BASH: You know, Marco Rubio was on TV yesterday, and he was answering some criticisms like yours, saying that there's a phobia built up about this sort of thing because the focus is on the Middle East, which is a very different dynamic than the Western Hemisphere. He's saying, you know, Venezuela doesn't look like Libya. It doesn't look like Iraq. It doesn't look like Afghanistan. And so the analogy is wrongheaded.
RYAN: The same things were said. I remember it was a cadet at West Point in the lead up to the war in Iraq. The same things were said about Vietnam when comparisons were made in a similar way. It is such chicken hawk BS from Rubio, who's not served a single day in uniform, to dismiss that as a phobia.
You want to tell that to my friends on this bracelet that I lost in combat? You want to tell that to the innocent Iraqis that were killed? You want to tell that to the Venezuelan people who are saying, we're glad Maduro's gone, as am I, but what the heck is the plan afterwards? And are we just going to hand this to another dictator who's going to do the will of our increasingly authoritarian president in Donald Trump?
BASH: I do want to quickly because you talked about oil and the president talked about oil a lot and just to play the devil's advocate on oil. I mean, Venezuela's economy has been decimated, and the country sits on about 303 billion barrels worth of crude oil. The U.S. does have the ability to help rebuild that. Should it?
RYAN: The core question here is, what do we want to do in this country with our blood and treasure? Our taxpayer dollars that everybody works hard for and our young men and women in uniform. Do we want to start more regime change oil focused wars, or do we actually want health care for the American people?
Do we want infrastructure that works? We want education that works. That's the choice that was just made with no consultation by the people or the Congress on January 3rd that many of us woke up to that morning. I'm watching with my four and six-year-old boys and my six- year-old son's asking me, why are we bombing another country?
And I -- there's no good answer for that. I really don't think there is. And I fear that this is just the beginning that because there isn't a plan, because we still have an entire carrier strike group and nearly 20,000 service members there, and the president's been clear he's OK with boots on the ground apparently. Again, despite him being a five-time draft dodger saying that, the people do not support this. And we cannot get away from that. That's the key thing.
BASH: Manu, we have like about a minute left. I know you wanted to ask a question for the Congressman.
RAJU: Yes. Because you were in some of these past classified briefings, did they ever convey to you what the objective was or what did the administration say when they were talking about Venezuela and the ultimate goal?
RYAN: Well, one, we've had to fight to get any information from the administration, which defies the Constitution. Two, in the most recent classified briefing, which I was in and happened right before Christmas, Marco Rubio personally, explicitly lied. To me and the Congress and to the people's representatives, we asked over and over, what is the larger plan?

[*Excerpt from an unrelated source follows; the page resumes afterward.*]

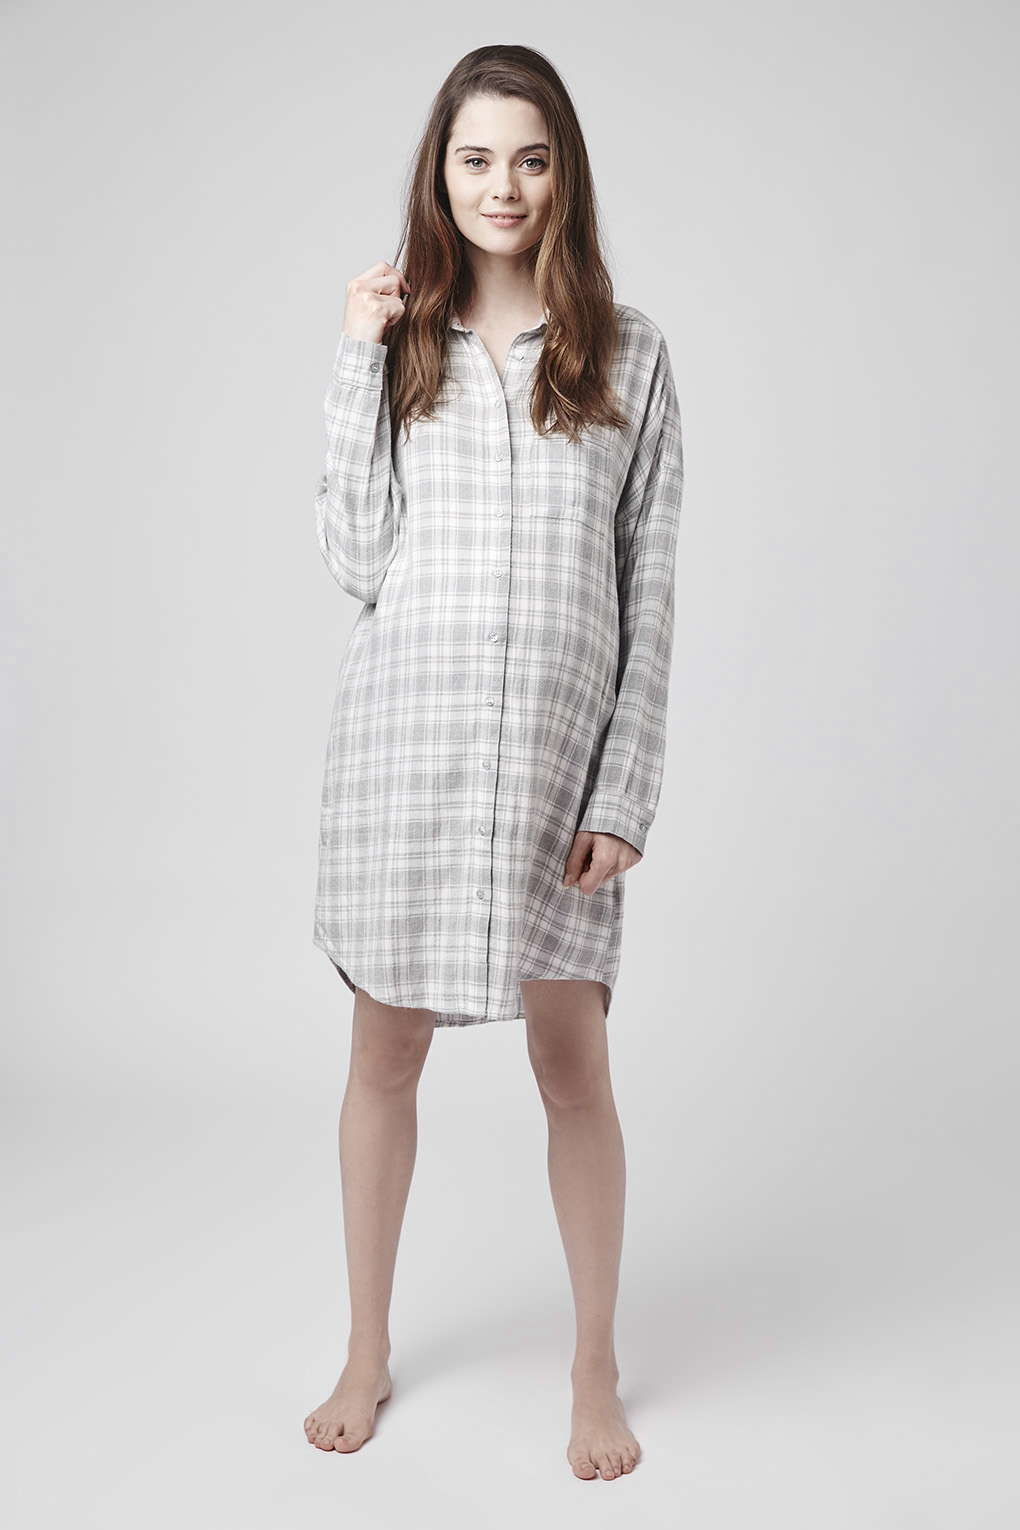 9 Best Comfortable Maternity Nightwear Clothes

Is there an effort at regime change being planned?
We know, given the sophistication of this operation, the reporting that's happened, that was well in the works. And I understand, very much understand the need for operational security. This is -- we have to get beyond that and recognize this is an act of war to say we're going to run another sovereign nation. And the people and the Congress have to be a part of that conversation.
BASH: Congressman, really appreciate you being here. Thank you all for rocking and rolling during this hour, during that really incredible hearing. Appreciate it.
Thank you for joining Inside Politics. CNN News Central starts right now.